I let the negative thoughts pass and actually started to feel excited.

I've read articles about the importance and benefits of dreaming. I knew "all" about how you should dream something and then visualise achieving it etc. But I'd never really thought about it before.

It's like with exercise. Everybody knows you should work out and it's good for you. But when it really hits you is when you actually feel good and in shape after actually doing something concrete about it.

So now I've got another goal for this year: simply

                                                                                              dream.

1. tammikuuta 2014

Going back


Whether it's going back to school, to work or to your own place after the holidays, people with anxiety often find it difficult.

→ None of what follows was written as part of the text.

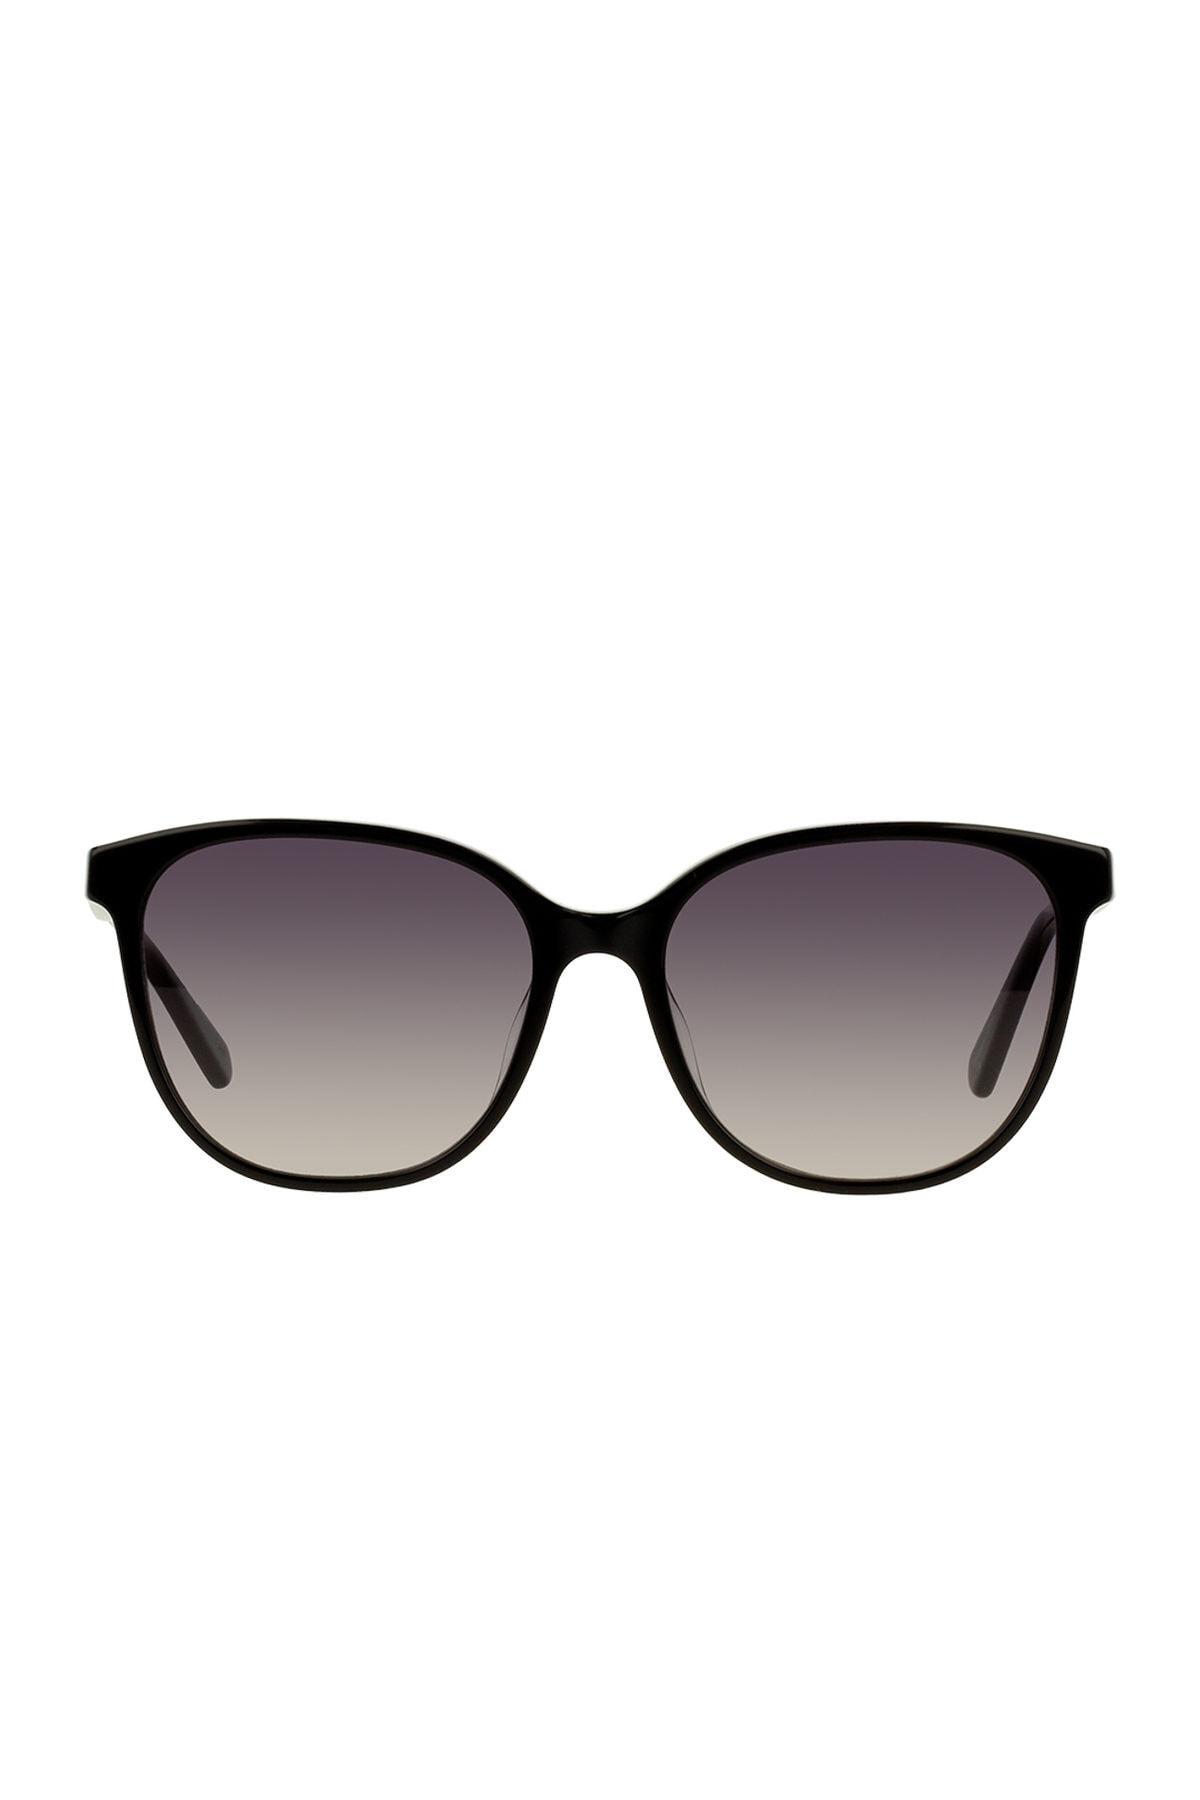 خرید نقدی عینک آفتابی پاییزی زنانه برند کلوین کلاین رنگ بژ کد ty35845373

I'm no different.


 
After spending a week and a half at my parents', today was time to pack up my stuff and two cats and head back home. Work tomorrow.

While I was driving, the familiar thoughts started to appear: 'What if I have a panic attack?', 'What if I can't go to work?' 'I feel sick.'

What did I do? Before my whole body started to tense, I took a breath. A deep breath and relaxed my shoulders as well as I could. I've noticed many times that that small moment, taking a breath, could make the difference between having a panic attack and not having one.

I'm still anxious about tomorrow; breathing didn't macigally make it disappear. But  I'm not panicking. I'm able to function. Which is what learning to live with anxiety is all about.